Maddy wanted to protest that no one had warned her of anything like this, and why had it happened to her, who never got sick? She was not up to saying anything so complicated. Instead she said, “I feel awful.”
“Soon you’ll feel fine. Actually, you’ll probably feel better than you are. We’ve got rid of the nausea and dizziness, but you still have an inner-ear disturbance. It will be a while before the shot completes the repair. And you’re going to feel dopey and high and loose as a goose for the next few hours.” The fat man in the green medical outfit turned to John. “Feed her, Hyslop, if she can eat. That will help. Sleep would be even better. No alcohol or fizzes; they are chemically similar to the Asfanil shot and they’ll interact with it. Caffeine is all right, but no strenuous exercise. And there might be an Aphrodite effect, so no sex, and don’t take her dancing tonight.”
“I don’t dance,” John said seriously. “Thanks, Weinstein.”
“Hey, unless you guys find something useful for me to do now and again, they’ll stop paying me.” Weinstein reached out, took Maddy’s hand, and gave it a little formal shake. It seemed like pure courtesy, but she noticed that he watched her eyes and face closely while he did it.
“You’ll do,” he said. “Don’t worry if you think and say strange things. That’s standard drug side effects.”
Maddy risked a tiny nod of her head. No spinning of the room, no convulsive gag reflex. “I can manage. You don’t have to worry.”
You don’t have to worry. The person who needs to worry is me. I’m supposed to stick tight to John Hyslop, and he’s going off for a meeting out on the shield. Am I well enough to go with him? I don’t think so. But that isn’t even an issue. I have to be well enough.

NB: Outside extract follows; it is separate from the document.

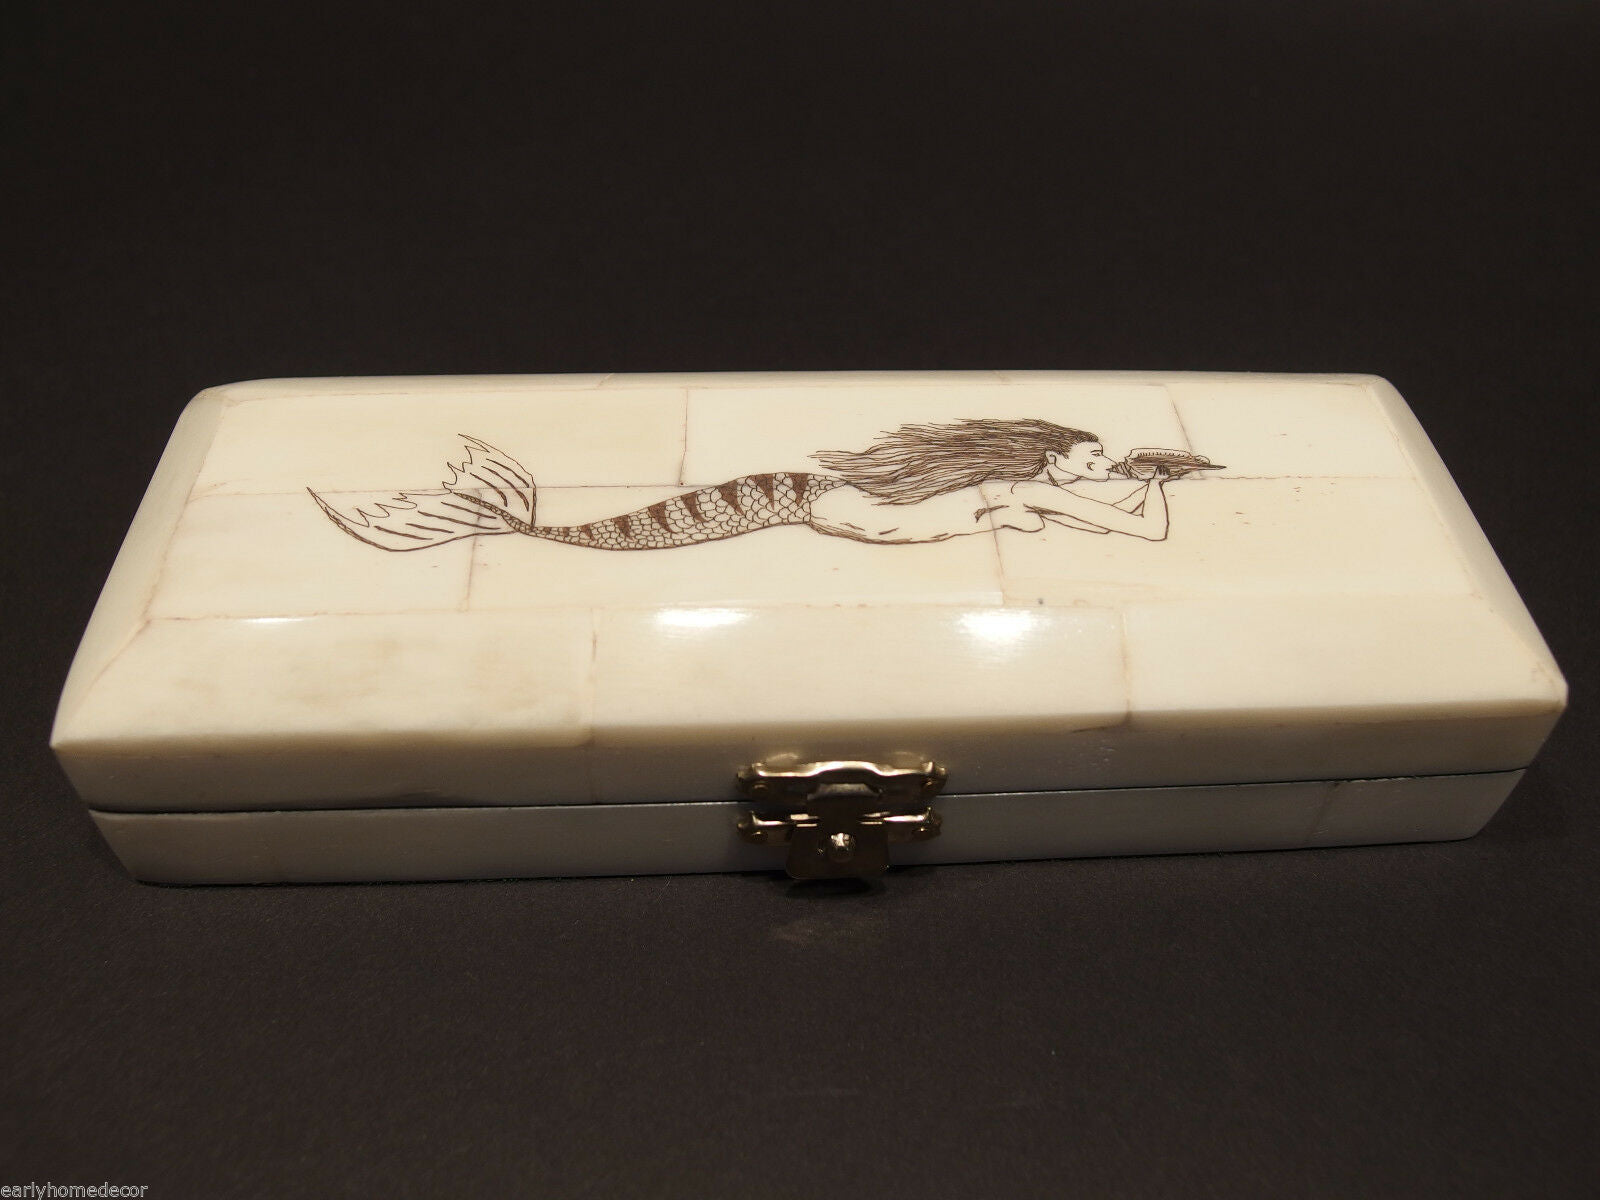 Antique Style Mermaid Scrimshaw Etched Bone & Wood Trinket Stamp Jewelry Box - Early Home Decor
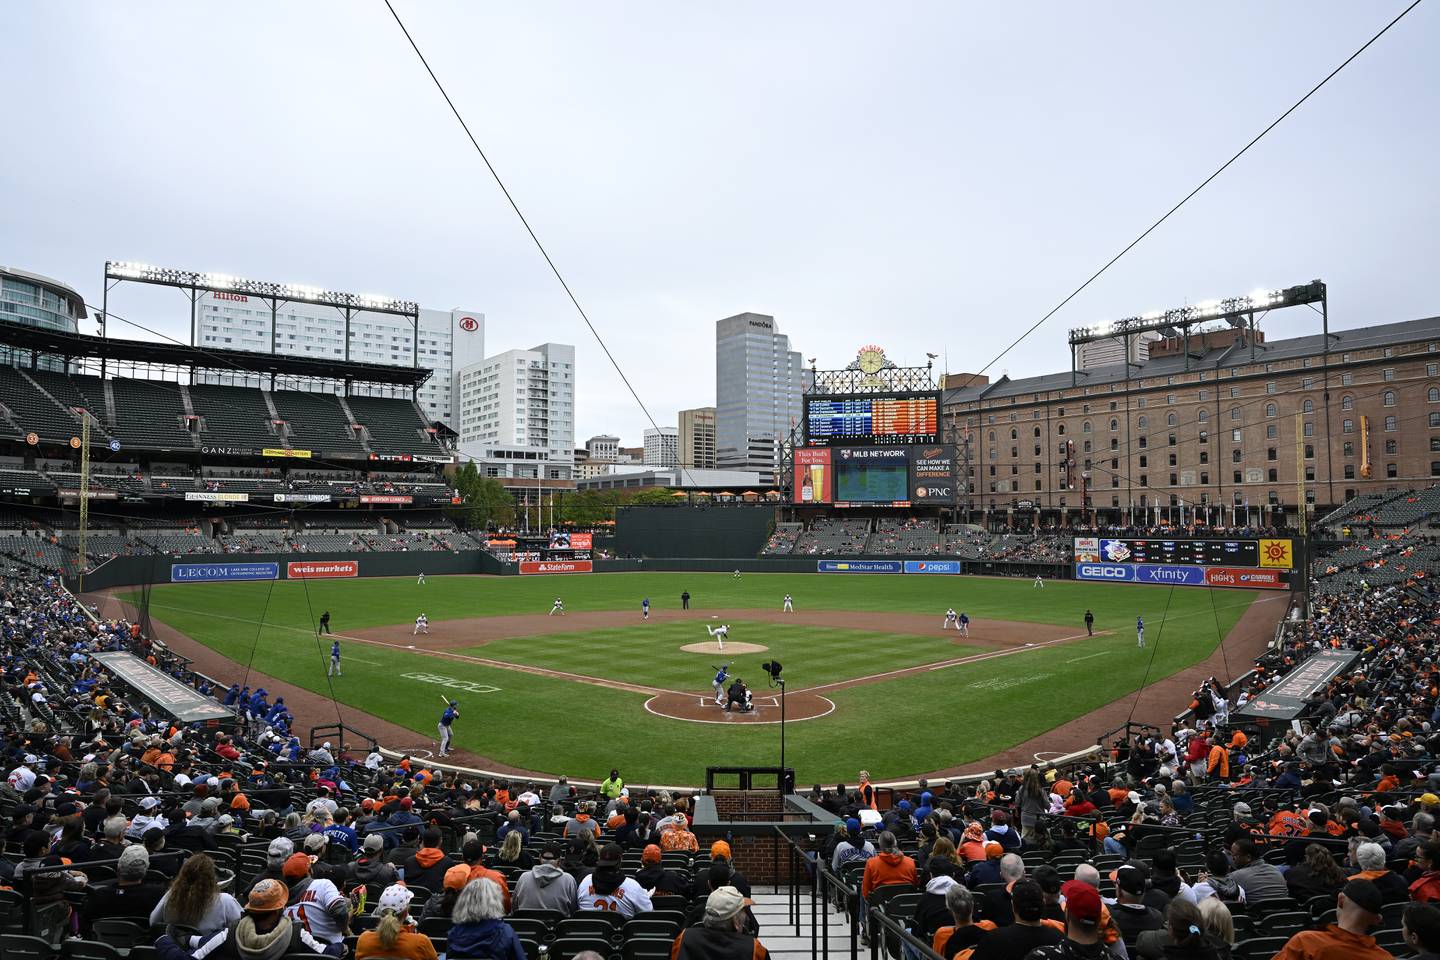 BALTIMORE, MARYLAND - OCTOBER 05: The Baltimore Orioles play the Toronto Blue Jays in the first inning of game two of a doubleheader at Oriole Park at Camden Yards on October 05, 2022 in Baltimore, Maryland.

Or I must prevent him from going until I feel better.
“You do whatever you have to do.” Thanks, Gordy. I know the Argos Group rules.
The rules, the sacred rules. The rules were wonderful. They told you exactly what to do at all times.
Of course, the rules made no allowance for sickness or weariness. You probably had to die to get off the hook, and even that wouldn’t satisfy Gordy Rolfe. Worst of all, though the rules said what you had to do, they
offered no advice at all on how to do it.
12
John had relinquished his hold on her waist, but he still guided her with a hand on one forearm. He could not have been more proper, yet she could feel goose bumps rising under his fingers. As he led her out of Weinstein’s office — a neat, pink-walled room packed with medical equipment that she had no recollection of entering — Maddy felt spectacularly strange and light-headed. She struggled for self-control. You have a job to do. You’ve got to sticky with John Hyslop, or make him sticky with you.
She halted, so that John was forced to turn and face her. “Five minutes ago I didn’t think I’d ever feel like eating again. Now I’m all of a sudden starving. Your doctor friend said you could feed me. Will you do it?”
“Of course.”
“Soon?”
“Right away. Can you move by yourself, or do you need my help?”
“I don’t know. If you could . . .”
She held out her hand, letting it flop limply at the wrist. Isn’t that what poor weak women are supposed to do? Just as well there’s no one from the Argos Group to see this. Maddy Wheatstone — rising star, hard as diamond, cold as Charon, never sick, never dependent — clinging for support like a delicate flower.
You do whatever you have to do. John Hyslop didn’t even seem suspicious. He took her by the elbow and carefully walked her to a drop chute. He halted at the edge.
“We’ll be in free fall in the chute, but only for a few seconds. Can you stand that?”
Maddy nodded. The head movement was another informal test of her balance centers, and it went fine. All sense of vertigo had gone. In its place she felt a delicious, sensual languor. Was it low gravity that produced the sense of moving deep in warm water, or was it Weinstein’s drug?